Here's an Ocaml program that tests whether a string is recognized by a
regular expression language including intersection, which uses
Brzozowski's method of derivatives.
This code is not terribly efficient, which is not a problem with the
method of derivatives, but rather with my toy implementation.
(* The datatype of regular expressions. Intersection and union are
And and Or respectively. *)
type re =
| Char of char
| Epsilon
| Seq of re * re
| Star of re
| False
| Or of re * re
| True
| And of re * re
(* Check whether a regular expression matches the empty string. *)
let rec nullable re =
match re with
| Char _ -> false
| Epsilon -> true
| Seq(r1, r2) -> (nullable r1) && (nullable r2)
| Star r -> true
| False -> false
| Or(r1, r2) -> (nullable r1) || (nullable r2)
| True -> true
| And(r1, r2) -> (nullable r1) && (nullable r2)
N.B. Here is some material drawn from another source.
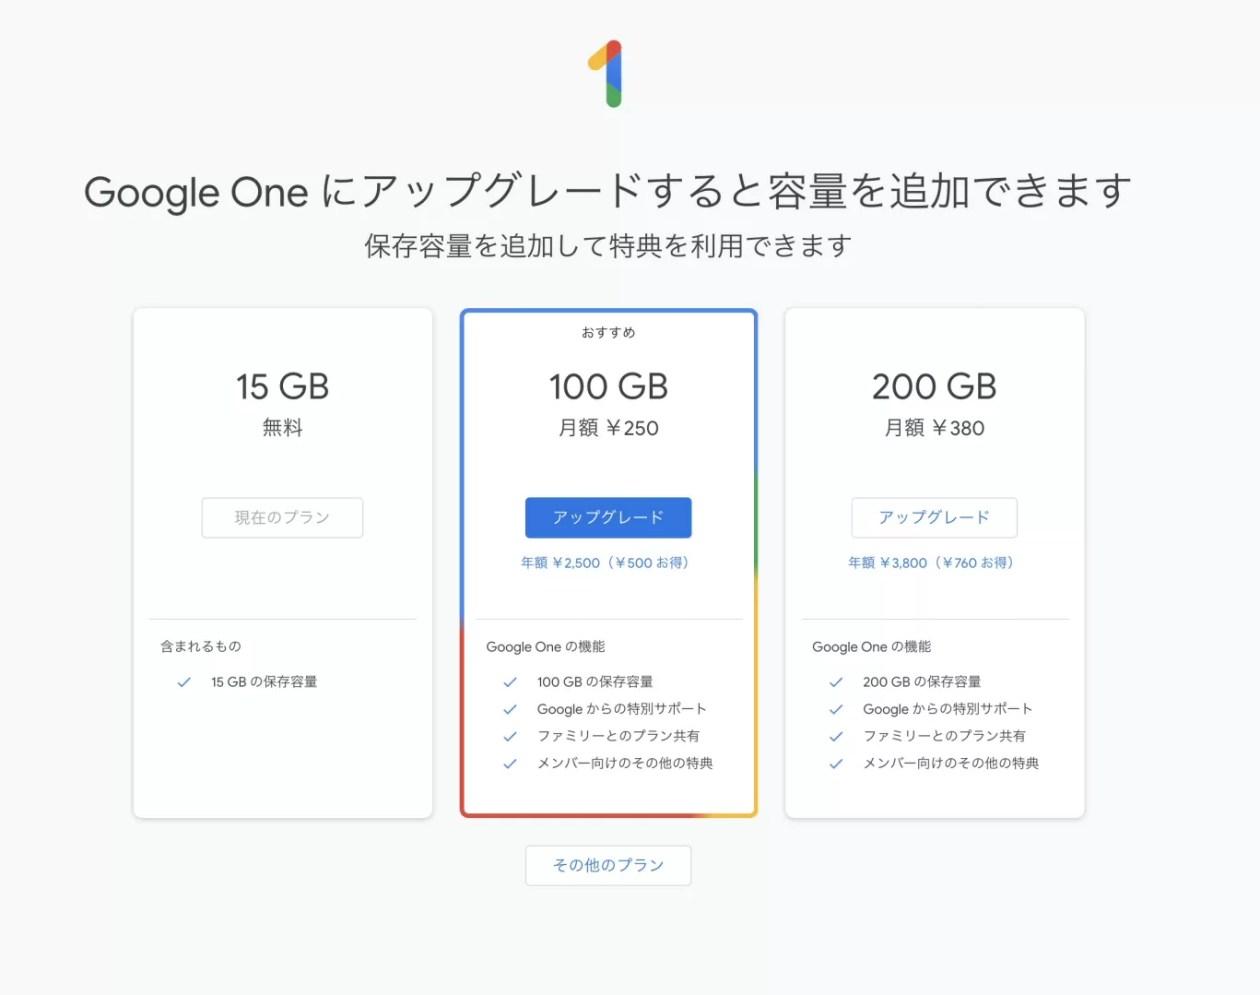 Google One2

(* deriv c r computes the c-th "derivative" of r. What this
means is that we compute a regular expression r' from r, such
that if (c ^ s) is recognized by r, then r' recognizes s. *)
let rec deriv c re =
match re with
| Char c' -> if c = c' then Epsilon else False
| Epsilon -> False
| Seq(r1, r2) ->
let r1' = deriv c r1 in
if nullable r1 then
Or(Seq(r1', r2), deriv c r2)
else
Seq(r1', r2)
| Star r -> Seq(deriv c r, (Star r))
| False -> False
| Or(r1, r2) -> Or(deriv c r1, deriv c r2)
| True -> True
| And(r1, r2) -> And(deriv c r1, deriv c r2)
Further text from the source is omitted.